Amazon Kinesis Data Streams includes a field called APPROXIMATE_ARRIVAL_TIME in every record that provides this timestamp.

This is also sometimes referred to as the server-side time.

This ingest time is often the close approximation of event time.

the ingest time is rarely out of order, but it can occur due to the distributed nature of streaming data.

Therefore, Ingest time is a mostly accurate and in-order reflection of the event time.

https://docs.aws.amazon.com/kinesisanalytics/latest/dev/timestamps-rowtime-concepts.html

Option C is incorrect - EVENT TIME is the timestamp when the event occurred.

This is also sometimes called the client-side time.

It is often desirable to use this time in analytics because it is the time when an event occurred.

However, many event sources, such as mobile phones and web clients, do not have reliable clocks, which can lead to inaccurate times.

In addition, connectivity issues can lead to records appearing on a stream not in the same order the events occurred.

https://docs.aws.amazon.com/kinesisanalytics/latest/dev/timestamps-rowtime-concepts.html

Option D is correct - PROCESSING TIME is the timestamp when Amazon Kinesis Data Analytics inserts a row in the first in-application stream.

Amazon Kinesis Data Analytics provides this timestamp in the ROWTIME column that exists in each in-application stream.

The processing time is always monotonically increasing.

But it will not be accurate if your application falls behind.

(If an application falls behind, the processing time does not accurately reflect the event time.) This ROWTIME is accurate in relation to the wall clock, but it might not be the time when the event actually occurred.

https://docs.aws.amazon.com/kinesisanalytics/latest/dev/timestamps-rowtime-concepts.html

Kinesis Data Analytics SQL is a managed service by AWS that allows developers to process and analyze real-time streaming data using standard SQL queries. In the given scenario, the Kinesis Data Analytics SQL is processing events generated by IoT devices, and the support team wants to use the TIMESTAMP when the data was added to the in-application stream to redesign their time-based windowed queries.

There are four types of timestamps that Kinesis Data Analytics SQL provides to process and analyze streaming data, which are:

  1. ROWTIME: This is the time when a row was created in the in-application stream, and it is equivalent to the time when the event occurred. ROWTIME is set by Kinesis Data Analytics SQL and cannot be modified by the user.

  2. INGEST TIME: This is the time when an event was ingested into the Kinesis stream.
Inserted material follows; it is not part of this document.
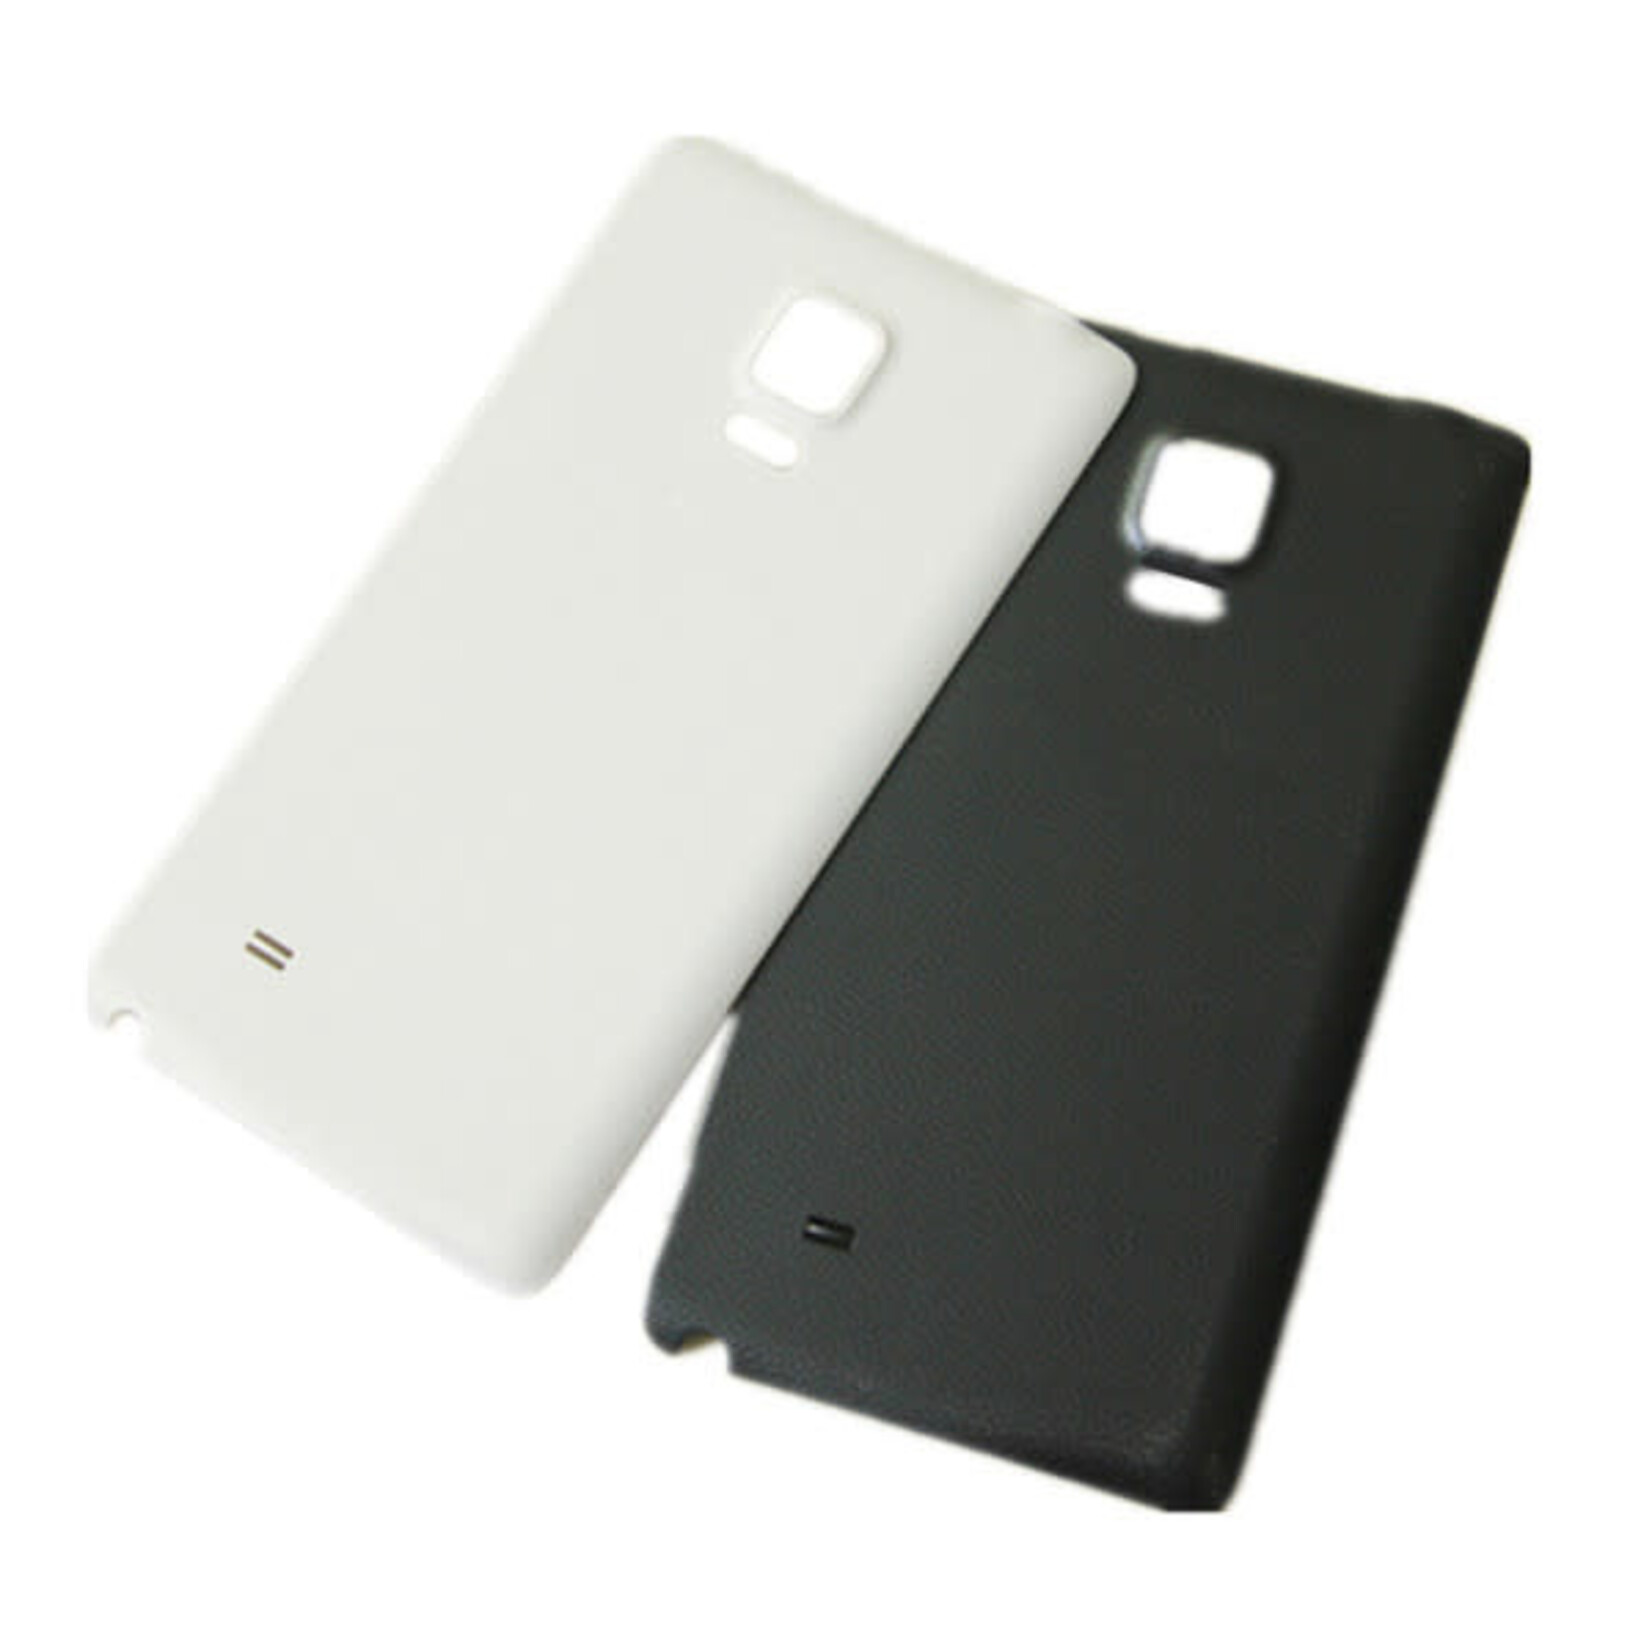 Samsung BACK COVER FOR SAMSUNG GALAXY NOTE 4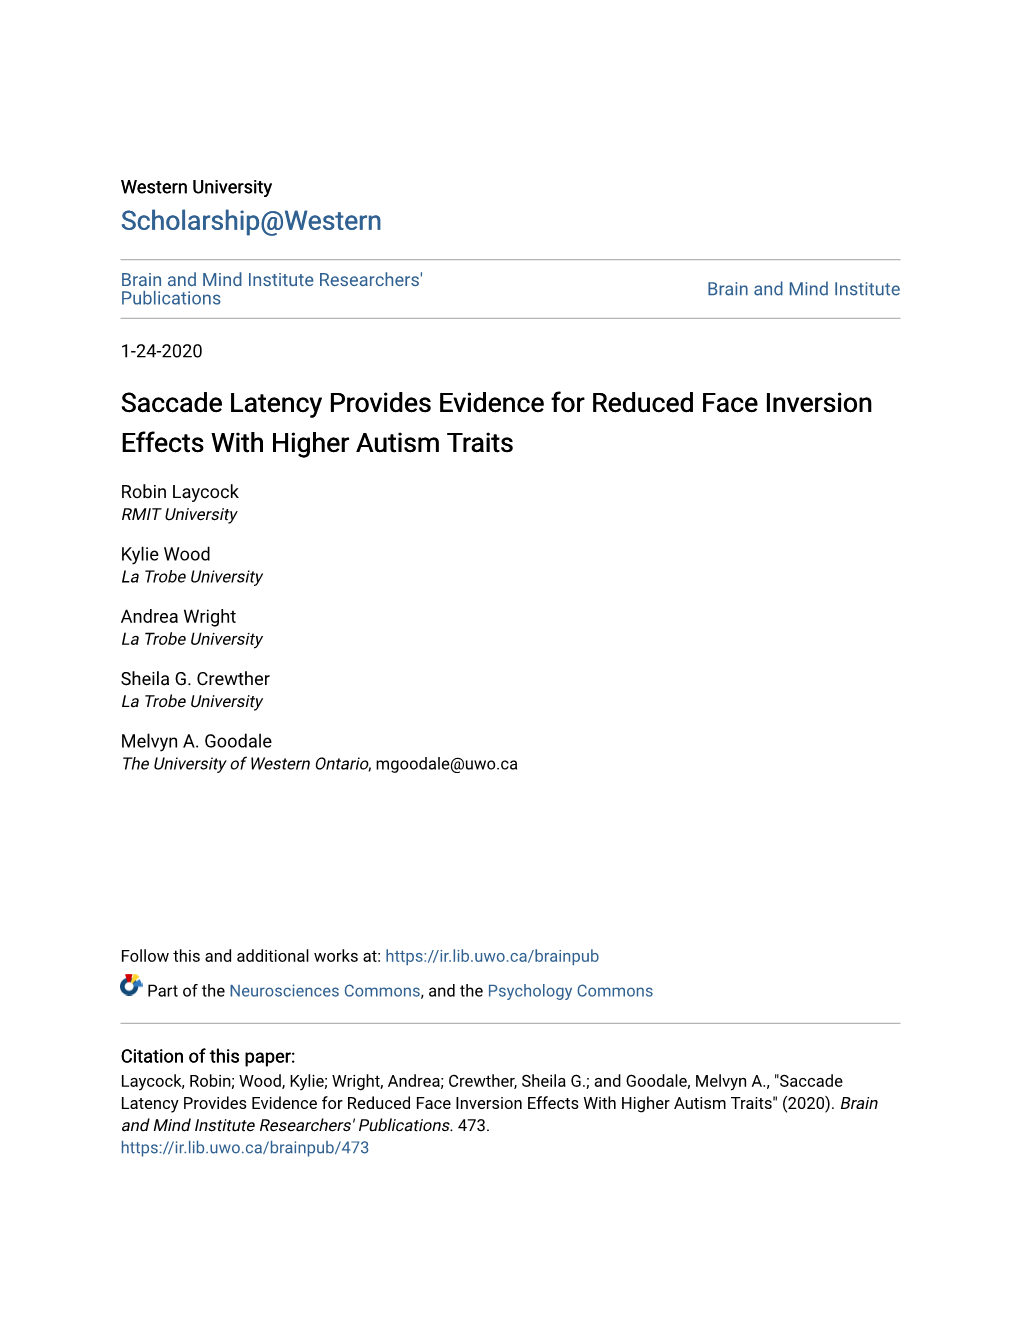 Saccade Latency Provides Evidence for Reduced Face Inversion Effects with Higher Autism Traits

INGEST TIME is set by Kinesis Data Streams and cannot be modified by the user.

  3. EVENT TIME: This is the time when an event occurred or was generated by a device or system. EVENT TIME can be set by the user by including a timestamp field in the event data.

  4. PROCESSING TIME: This is the time when an event is processed by Kinesis Data Analytics SQL. PROCESSING TIME is set by Kinesis Data Analytics SQL and cannot be modified by the user.

In the given scenario, the support team wants to use the TIMESTAMP when the data was added to the in-application stream, which is equivalent to ROWTIME. Therefore, option A, ROWTIME, provides relevant information.

Option B, INGEST TIME, is not relevant because it represents the time when the event was ingested into the Kinesis stream, which may not be the same as when the event occurred.

Option C, EVENT TIME, may be relevant if the user has included a timestamp field in the event data, but the scenario does not mention this.

Option D, PROCESSING TIME, is not relevant because it represents the time when an event is processed by Kinesis Data Analytics SQL, which may not be the same as when the event occurred or was added to the in-application stream.